Donnerstag, 28.03.2024 11:52 Uhr

Palästina-Nakba-Tag 2023

Verantwortlicher Autor: Sergej Perelman Stuttgart, 18.05.2023, 20:48 Uhr
Nachricht/Bericht: +++ Politik +++ Bericht 9376x gelesen
Menschenmenge vor der Bühne der Palästina-Nakba-Tag 2023 Veranstaltung, Schlossplatz in Stuttgart, 13.05.2023
Menschenmenge vor der Bühne der Palästina-Nakba-Tag 2023 Veranstaltung, Schlossplatz in Stuttgart, 13.05.2023  Bild: Sergej Perelman

Stuttgart [ENA] Am 13.05.2023 fand in Stuttgart der Palästina-Nakba-Tag statt, ausgerichtet vom 'Palästinakomitee Stuttgart'. Die Veranstalter gedachten damit der seit 75 Jahren andauernden "illegalen Kolonialisierung des palästinensichen Territoriums, Apartheid und ethnischen Säuberung" Palästinas durch Israelis.

Zum 8. Mal veranstaltete das 'Palästinakomitee Stuttgart' (PAKOS) diesmal auf dem Stuttgarter Schlossplatz den 'Palästina-Nakba-Tag'. Fluktuierend waren ca. 100-300 Teilnehmer anwesend. Die Eröffnugsrede hielt die Schirmfrau der Veranstaltung Professor em. Dr. Fanny-Michaela Reisin, Mitbegründerin der Jüdischen Stimme für gerechten Frieden und ehemalige Präsidentin der Internationalen Liga für Menschenrechte. Neben dem Bühnenprogramm aus Redebeiträgen, Musik und Tanz, war auch ein Zelt mit der Ausstellung „Die Nakba – Flucht und Vertreibung der Palästinenser 1948“ aufgebaut. Außerdem stellte der Verein Flüchtlingskinder im Libanon e.V. seine Arbeit vor und warb um Unterstützung.

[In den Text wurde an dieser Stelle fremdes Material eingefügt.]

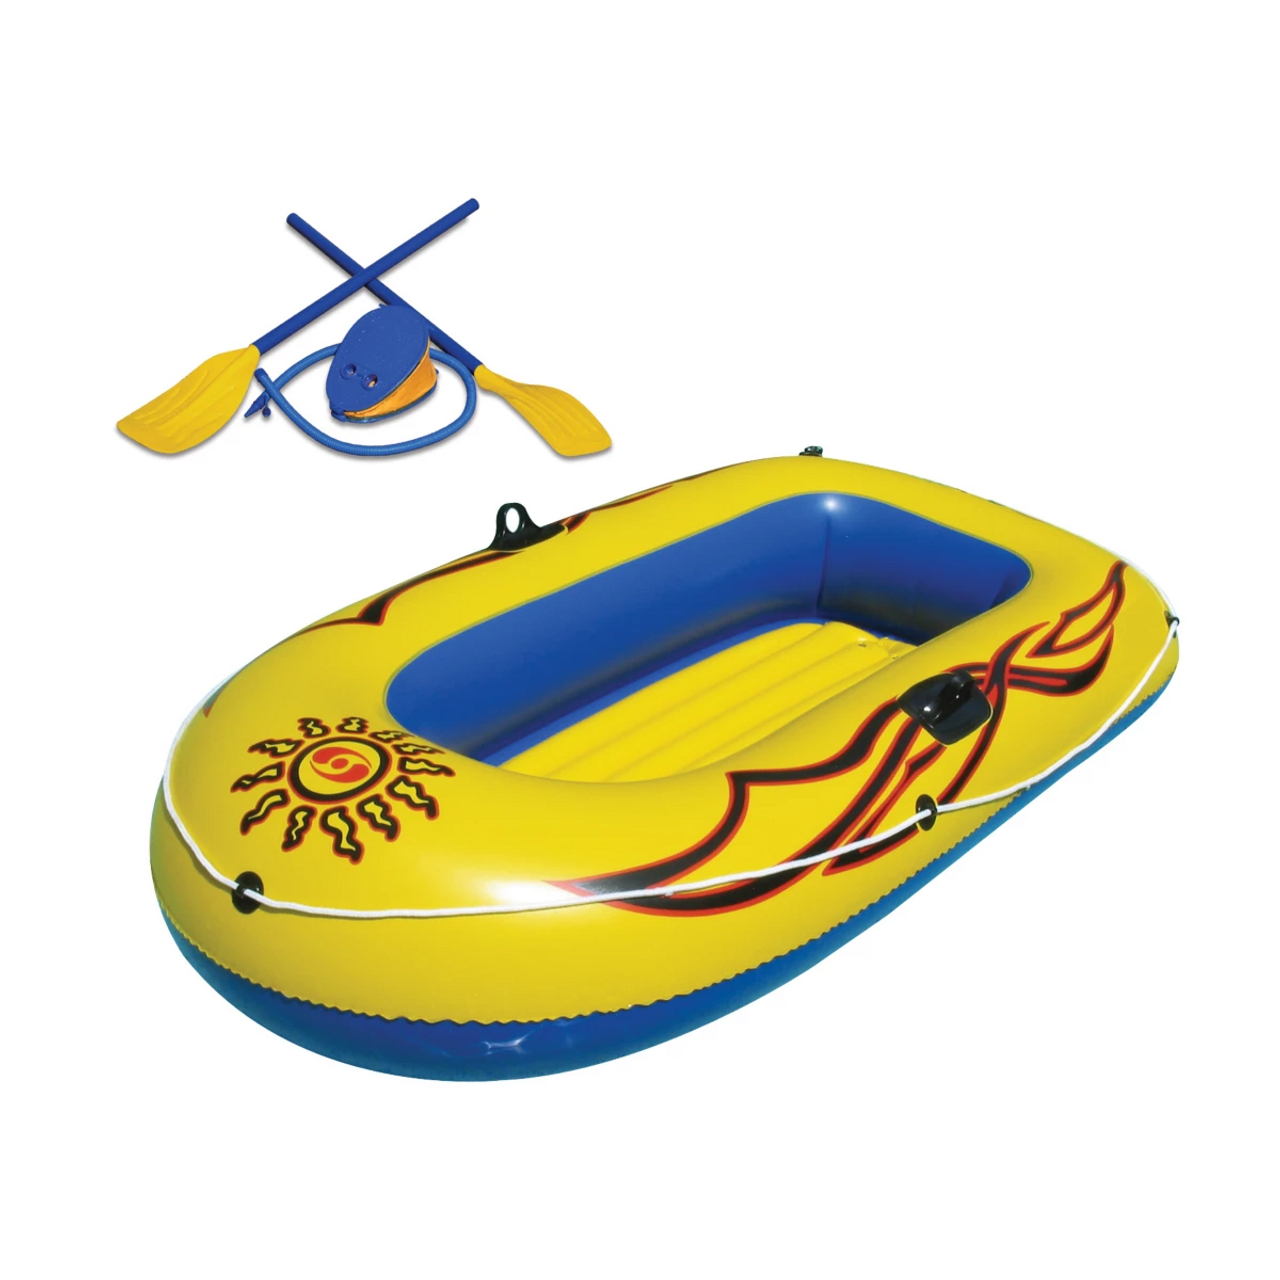 Sunskiff Inflatable Pool & Beach Boat 3 Person Kit - Yellow/Blue

Tanzauftritt einer Gruppe aus Brüssel, Stuttgart, 13.05.2023
Interessierte vor dem Zelt mit der Ausstellung 'Nakba', Stuttgart, 13.05.2023
Innenansicht des Zeltes mit der Ausstellung 'Nakba', Stuttgart, 13.05.2023

Eröffnugsrede von Professorin em. Dr. Fanny-Michaela Reisin

Die ursprünglich aus Jerusalem stammende und in Berlin lebende Schirmfrau Fanny-Michaela Reisin ist Mitbegründerin der Jüdischen Stimme für gerechten Frieden und war 12 Jahre lang Präsidentin der Internationalen Liga für Menschenrechte, die sich dem Wirken von Carl von Ossietzky verpflichtet fühlt. Fanny-Michaela Reisin erinnerte in ihrer Eröffnung auch an die erste Schirmfrau des Palästina-Nakba-Tags des Palästinakomitees, an Felicia Langer. Felicia Langer, die 88-jährig im Jahr 2018 in Tübingen starb, musste oft um ihr Leben fürchten, wie Fanny-Michaela Reisin hervorhob. In ihrer polnischen Heimat bedrohten die Nazi-Schergen das Leben der Jüdin sowie das ihres Mannes Mieciu Langer, dessen Erinnerungen Felicia Langer veröffentlich hat.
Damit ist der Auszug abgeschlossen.